Adaptive Moment Estimation (Adam)

Adam is the fusion of Momentum and RMSProp. It tracks both the First Moment ($\mathbf{m}_t$, the mean) and the Second Moment ($\mathbf{v}_t$, the uncentered variance).

Update Moments:

\[\mathbf{m}_t = \beta_1 \mathbf{m}_{t-1} + (1 - \beta_1) \mathbf{g}_t \tag{14}\] \[\mathbf{v}_t = \beta_2 \mathbf{v}_{t-1} + (1 - \beta_2) \mathbf{g}_t^2 \tag{15}\]

Bias Correction: Since $\mathbf{m}_t$ and $\mathbf{v}_t$ are initialized at zero, they are biased toward zero in early steps. We correct this:

\[\hat{\mathbf{m}}_t = \frac{\mathbf{m}_t}{1 - \beta_1^t}, \quad \hat{\mathbf{v}}_t = \frac{\mathbf{v}_t}{1 - \beta_2^t} \tag{16} \label{eq:adam-bias-correction}\]

Update Weights:

\[\mathbf{w}_{t+1} = \mathbf{w}_t - \frac{\eta}{\sqrt{\hat{\mathbf{v}}_t} + \epsilon} \hat{\mathbf{m}}_t \tag{17}\]

Adam effectively combined three critical ideas. It uses $\hat{\mathbf{m}}_t$ to navigate high-curvature valleys, $\hat{\mathbf{v}}_t$ to handle non-stationary objectives, and the Bias Correction steps in Eq. $\eqref{eq:adam-bias-correction}$ to ensure the optimizer is effective from the very first iterations.

Adam with Decoupled Weight Decay (AdamW)

Despite its success, Adam had a mathematical flaw in how it handled weight decay. In standard Adam, the $L_2$ penalty is added to the gradient, meaning it also gets scaled by the inverse of $\sqrt{\mathbf{v}_t}$. This results in non-uniform regularization. AdamW decouples weight decay by applying it directly to the weights:

\[\mathbf{w}_{t+1} = \mathbf{w}_t - \underbrace{\eta \left( \frac{\hat{\mathbf{m}}_t}{\sqrt{\hat{\mathbf{v}_t}} + \epsilon} \right)}_{\text{Adaptive Update}} - \underbrace{\eta \lambda \mathbf{w}_t}_{\text{Decoupled Decay}} \tag{18}\]

Beyond AdamW

Several newer optimizers address AdamW’s memory overhead and its ignorance of “curvature” (second-order information).

EvoLved SIgn Momentum (Lion)

Lion (2023) is more memory-efficient as it only tracks the sign of the momentum. It discards the second moment ($\mathbf{v}_t$), saving 50% of the optimizer memory.

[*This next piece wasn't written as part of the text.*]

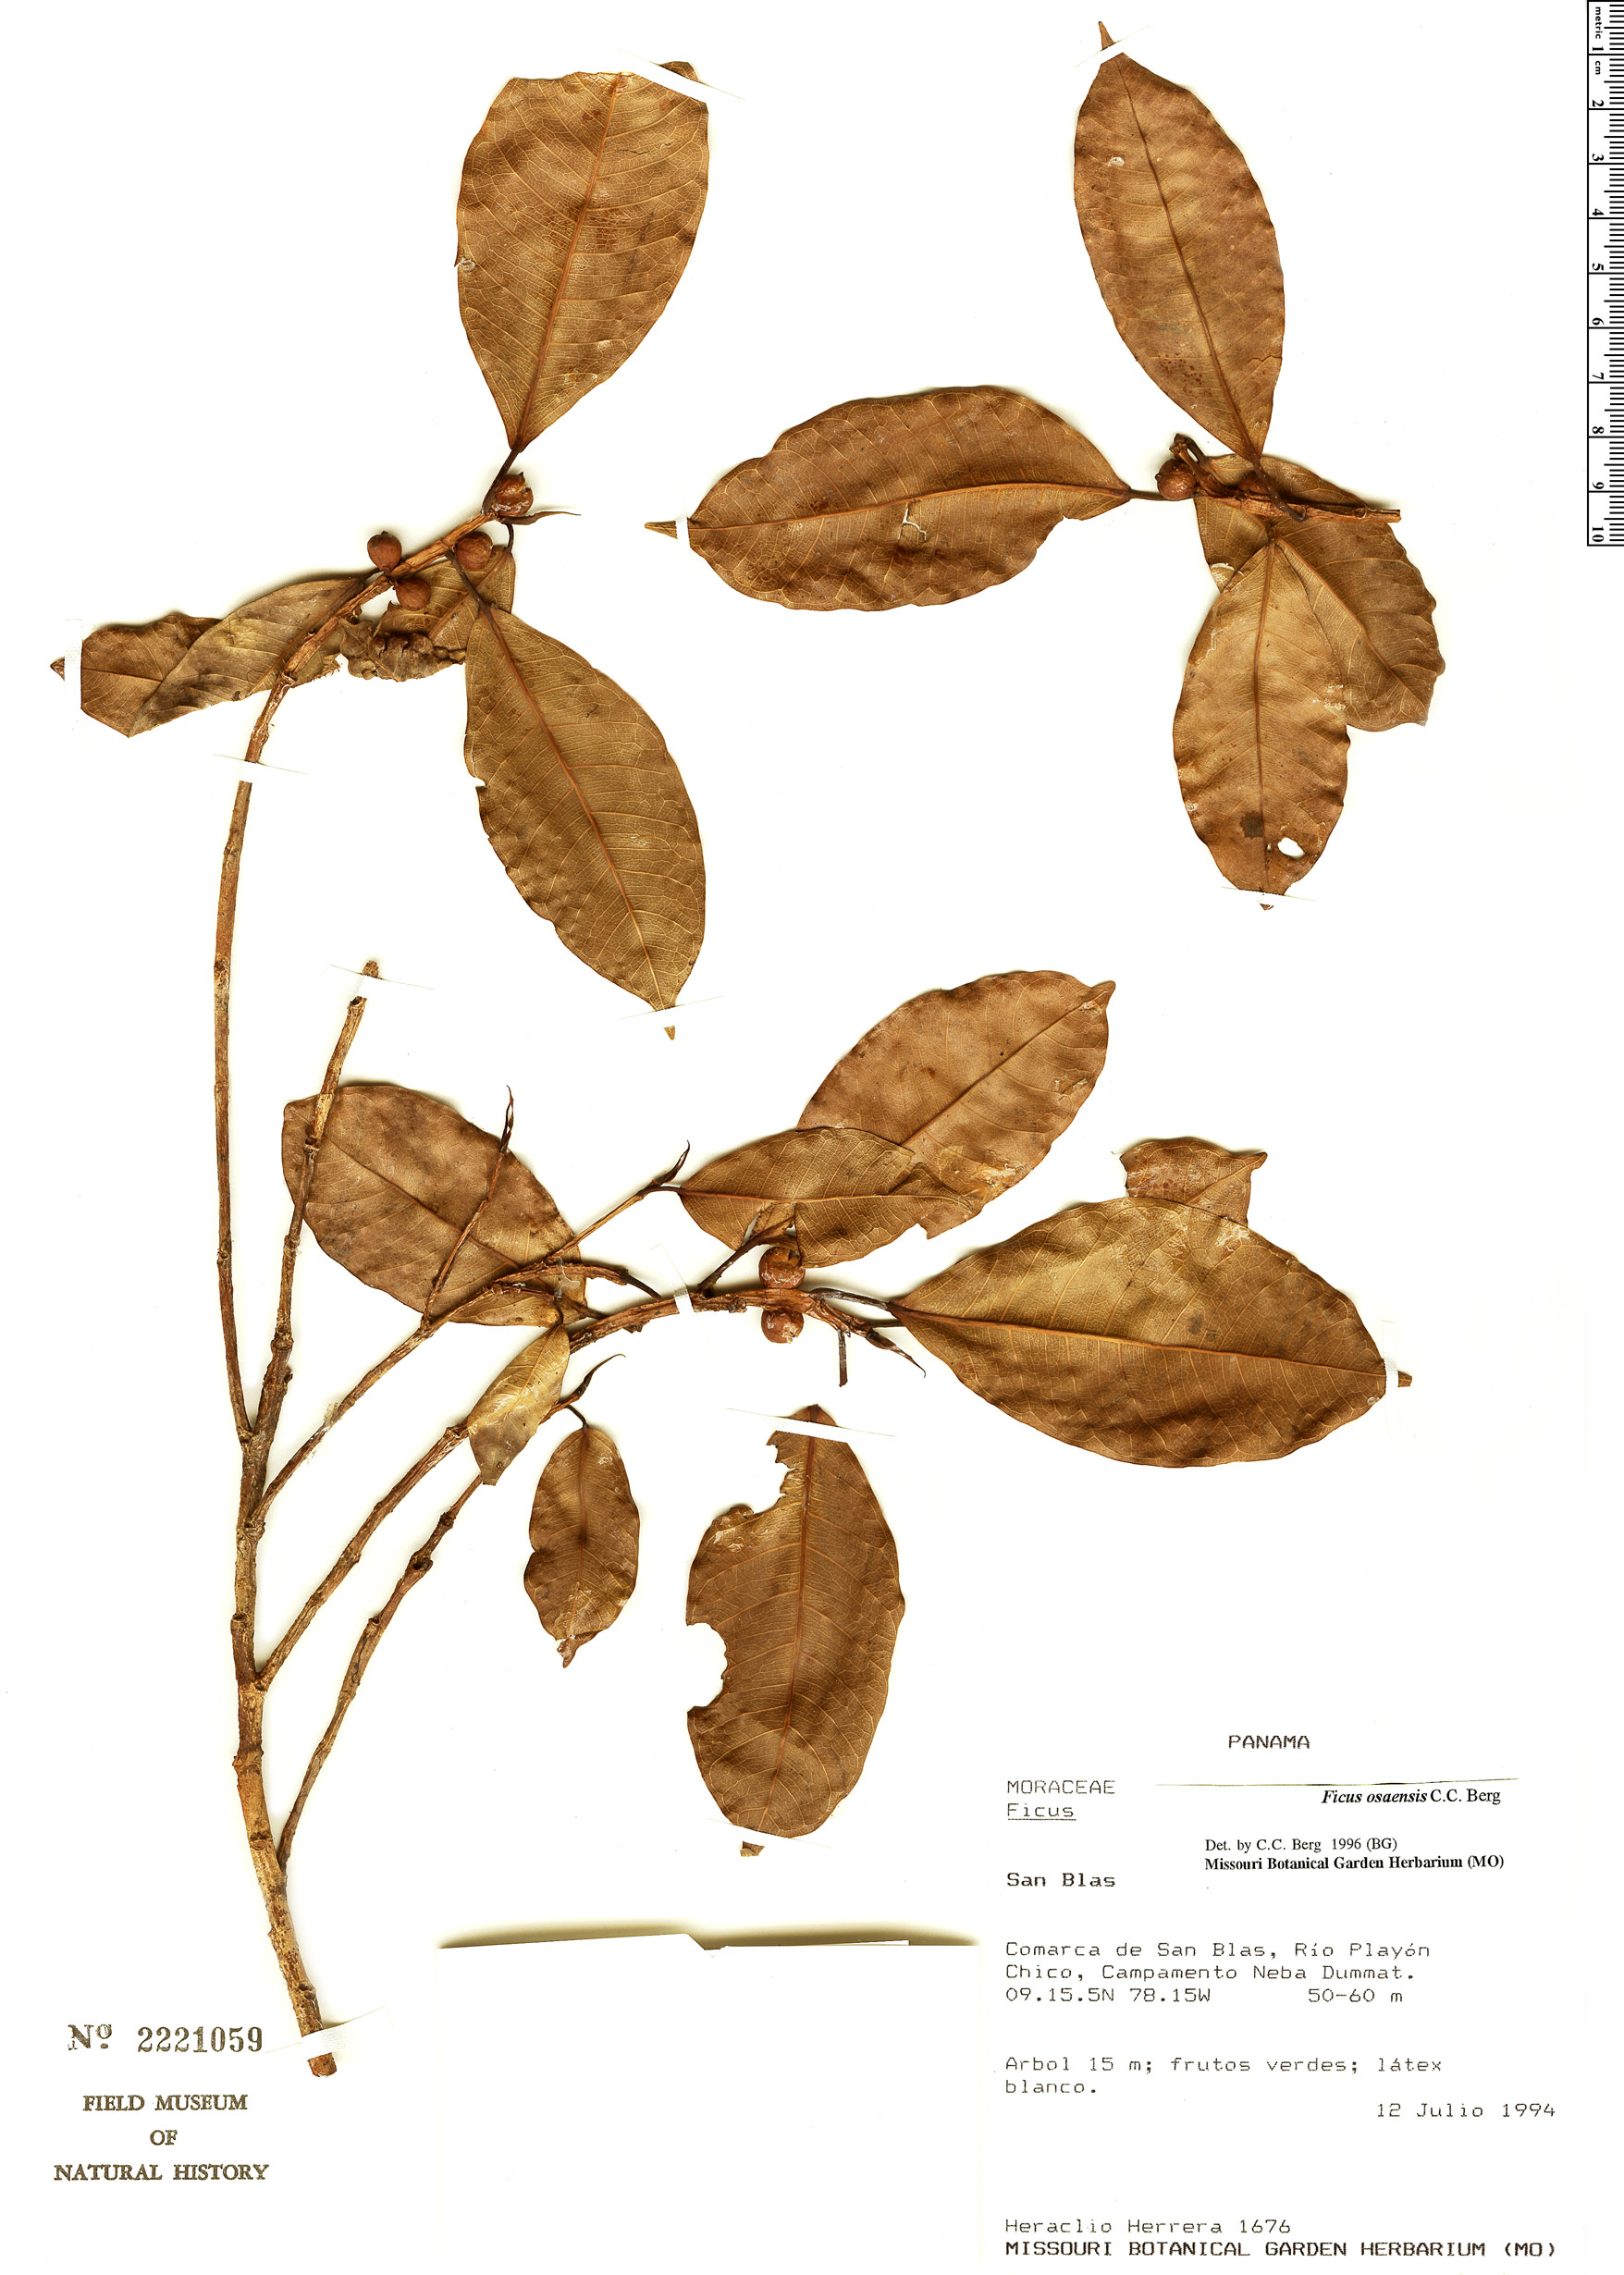 Specimen: Ficus osensis

\[\mathbf{w}_{t+1} = \mathbf{w}_t - \eta \cdot \text{sign}(\beta_1 \mathbf{m}_{t-1} + (1-\beta_1)\mathbf{g}_t) \tag{19}\]

Second-order Stochastic Optimization (Sophia)

Sophia (2023) is a second-order optimizer designed for LLMs. It estimates the Hessian (curvature). By knowing where the landscape is flat or sharp, Sophia can take larger steps in flat directions, potentially training GPT-style models 2× faster than AdamW.

Momentum Update on Orthogonalized Nanoscale (Muon)

A newer entrant that ensures weight updates are “orthonormal.” It has shown significant efficiency in training Small Language Models (SLMs) and Mixtures of Experts (MoE) by ensuring the internal geometry of the weights remains well-conditioned.

Conclusion

The journey from SGD to AdamW represents a transition from simple gradient-following to sophisticated, per-parameter adaptive systems. AdamW remains the industry standard because it strikes a perfect balance: it is computationally efficient, handles sparse gradients well, and provides robust regularization through decoupled weight decay. While newer optimizers like Lion and Sophia offer exciting improvements in memory and convergence speed, AdamW’s reliability across diverse architectures makes it the most essential tool in the modern practitioner’s toolkit.

References

Mitliagkas, I. Nesterov’s Momentum, Stochastic Gradient Descent. IFT 6085 - Lecture 6, 2019.
Duchi, J., Hazan, E., & Singer, Y. Adaptive Subgradient Methods for Online Learning and Stochastic Optimization. Journal of Machine Learning Research, 2011.
Kingma, D. P., & Ba, J. Adam: A Method for Stochastic Optimization. ICLR, 2015.
Loshchilov, I., & Hutter, F. Decoupled Weight Decay Regularization. ICLR, 2019.
Chen, X., et al. Symbolic Discovery of Optimization Algorithms. arXiv preprint arXiv:2302.06675, 2023. (Lion)
Liu, H., et al. Sophia: A Scalable Stochastic Second-order Optimizer for Language Model Pre-training. arXiv preprint arXiv:2305.14342, 2023.
Keller, J., et al. Muon: Momentum Update on Orthogonalized Nanoscale. 2024.